VALENTINE’S DAY IS OVER: SO HOW’S YOUR RELATIONSHIP…WITH FOOD?

If you weren’t “consciously coupled” (apologies to Gwyneth) on Valentine’s Day, it’s easy to feel left out of the happenings.  That can cause all sorts of uncomfortable feelings that trigger emotional eating.

And let’s face it, the one relationship we ALL have is with food.  And our food relationship, like any other one, can have ups and down. Getting it to function at its best takes some time, attention, and nurturing.

Male or female, anyone can be an emotional eater.  No judgements here on the type of food, either.  Whether it’s junk food or whole wheat bread, excess is excess and if you’re eating for the wrong reason, you want to check it before your weight, your health, and most of all, your relationship with food, spirals out of control.

Give yourself a break

It’s never been easier to “swallow” your stresses by overeating or binge-eating.   Technology has brought us great things, but it’s also enabled all manner of impulsive behaviors and instant gratifications.  Rough if you are an emo-eater because you can order up just about anything with a few clicks, and no one even sees you buying it.  What makes emo-eating so easy also makes it hard to kick.

No beating yourself up here.  Even my dogs would eat until they exploded if there were no barriers (me) in the way.

Make peace with food

All relationships are better when there’s some compromise from both sides.  Why should the food relationship be different?    If our food could speak to us, consider what it might say:

  • “Please don’t depend on me to be the only thing that makes you happy.”
  • “I’m not jealous. Seek other pleasures.  It’s OK, I’ll be here when it’s time to eat.”
  • “If it’s not time to eat, please leave me alone. We need a break from each other sometimes.”
  • “I’m not just a quick thrill.  I have a nurturing side, too, and I wish you’d spend more time with that side of me.”
  • “I don’t want you to hate or resent me after we meet. I want to have you feeling good about the time we spent together.”

What often prevents us from changing our relationship with food is some fear that we won’t be able to cope any other way.  For many emo-eaters food is a “best friend” who’s always there.  But enjoying non-food pleasures is absolutely critical for a balanced life.  Developing them and giving them equal standing with food takes planning.  But what worthwhile project doesn’t take some time and thought?  So nurture your relationship with “not-food”, and be patient.  Rome wasn’t built in a day, nor were your eating habits, so some tolerance is in order.

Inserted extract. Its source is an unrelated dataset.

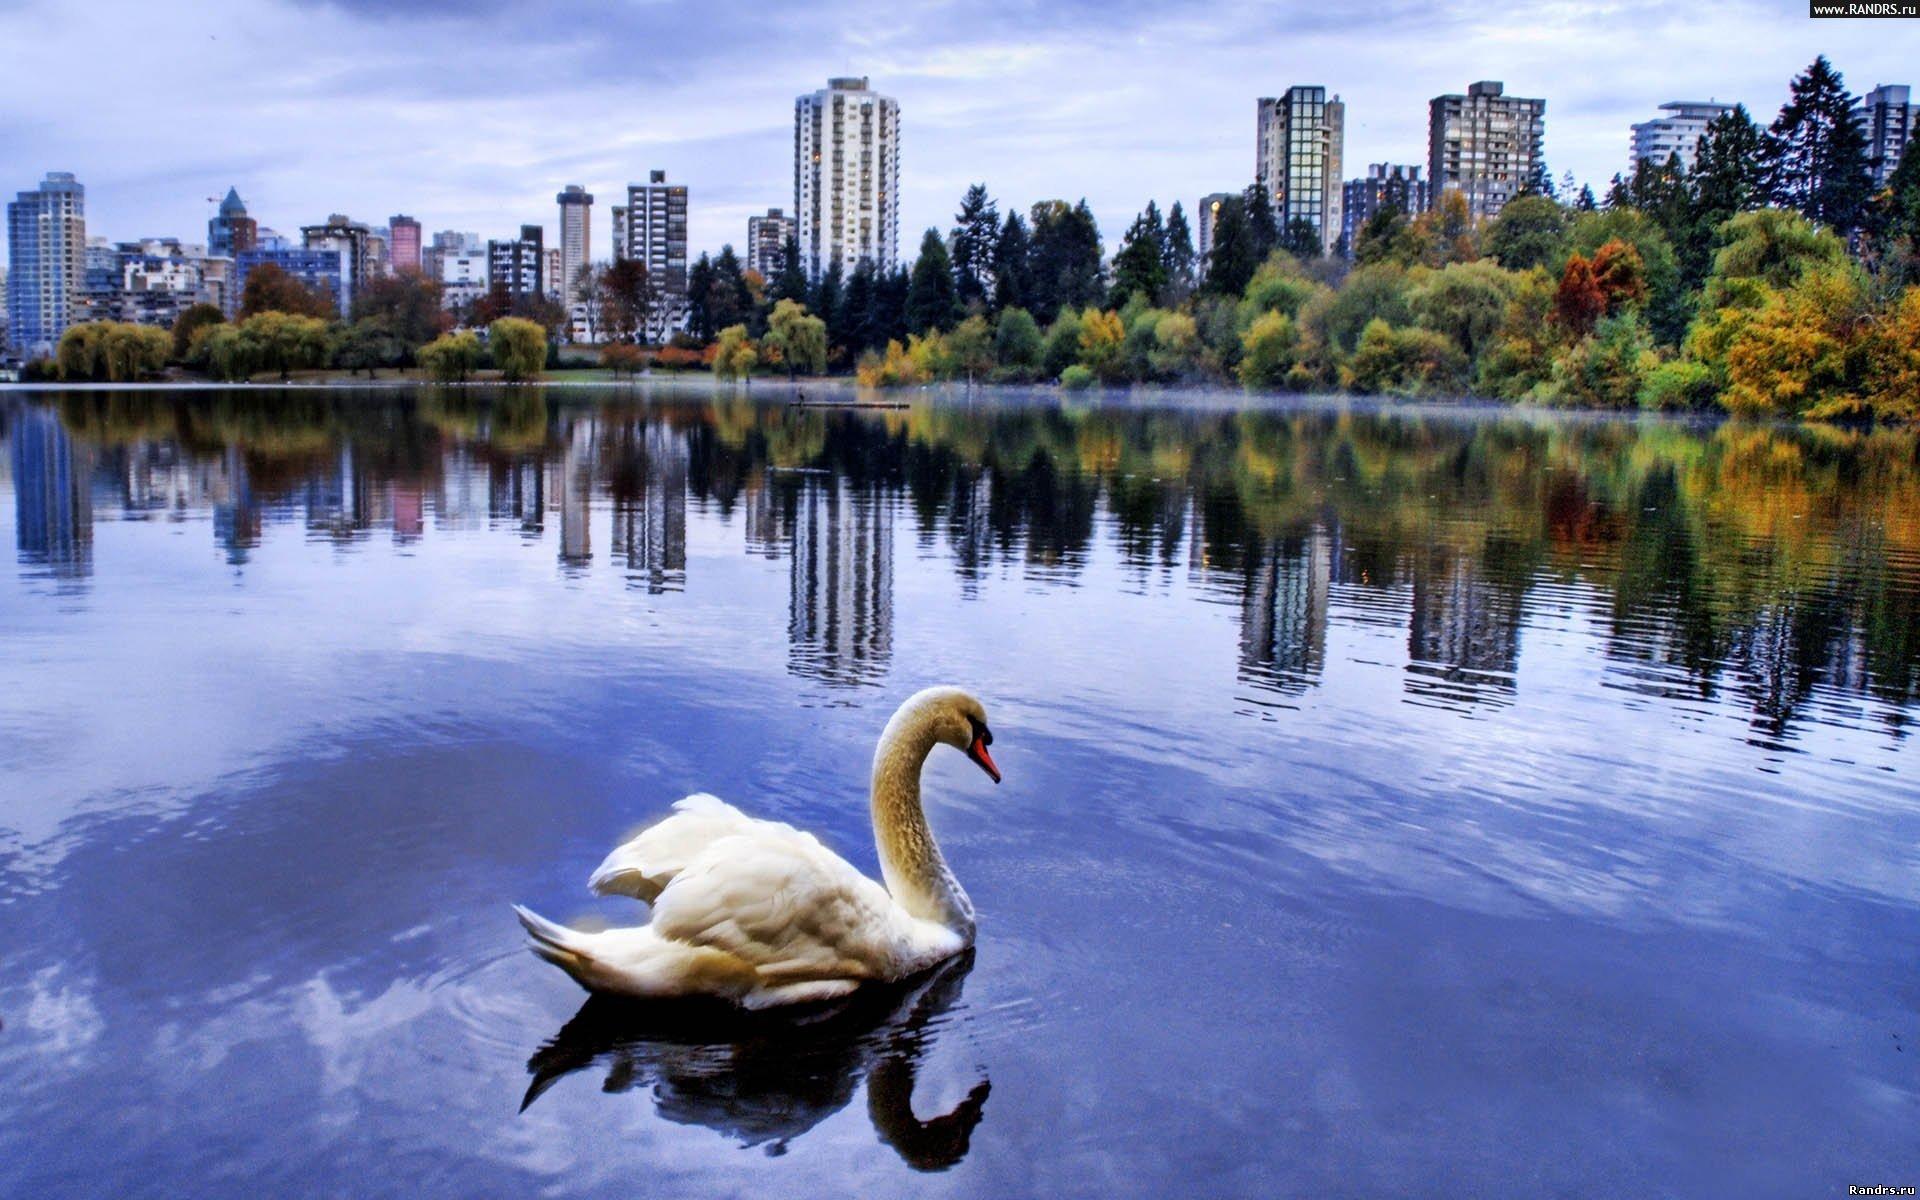 Скачать обои Лебеди на телефон бесплатно

Some ways to begin re-building your healthy relationship with food:

  • Leverage the positives in your diet: stock up on your favorite fruits and vegetables – even if they’re not in season. If that keeps you from bingeing on high-calorie food, it’s worth it and don’t apologize.  Get back to saving the world when you feel a little more up to it.
  • Cultivate “non-food” pleasures, including ones you may have forgotten: Go for a bike ride, visit someplace local you’ve wanted to see, take a class or do a hobby, or dance around your house like no one is watching.  The process takes you out of a stressful food space and into something that feeds you in a different way.
  • De-clutter something in your life. No huge projects here, even something as modest as organizing one drawer.  It’s cathartic and you feel great afterwards.  Ask anyone who has done it.
  • Have what you crave – but don’t buy more than a single portion. It might be more expensive this way, but if it helps you stick to a single portion, it actually saves you money and definitely saves calories.  It also builds a healthy association with indulgent foods.

Reassure yourself: there is NO food you can’t have.  The issue is how much and how often, and how to have it in a way that leaves you feeling good after, not just during, the eating.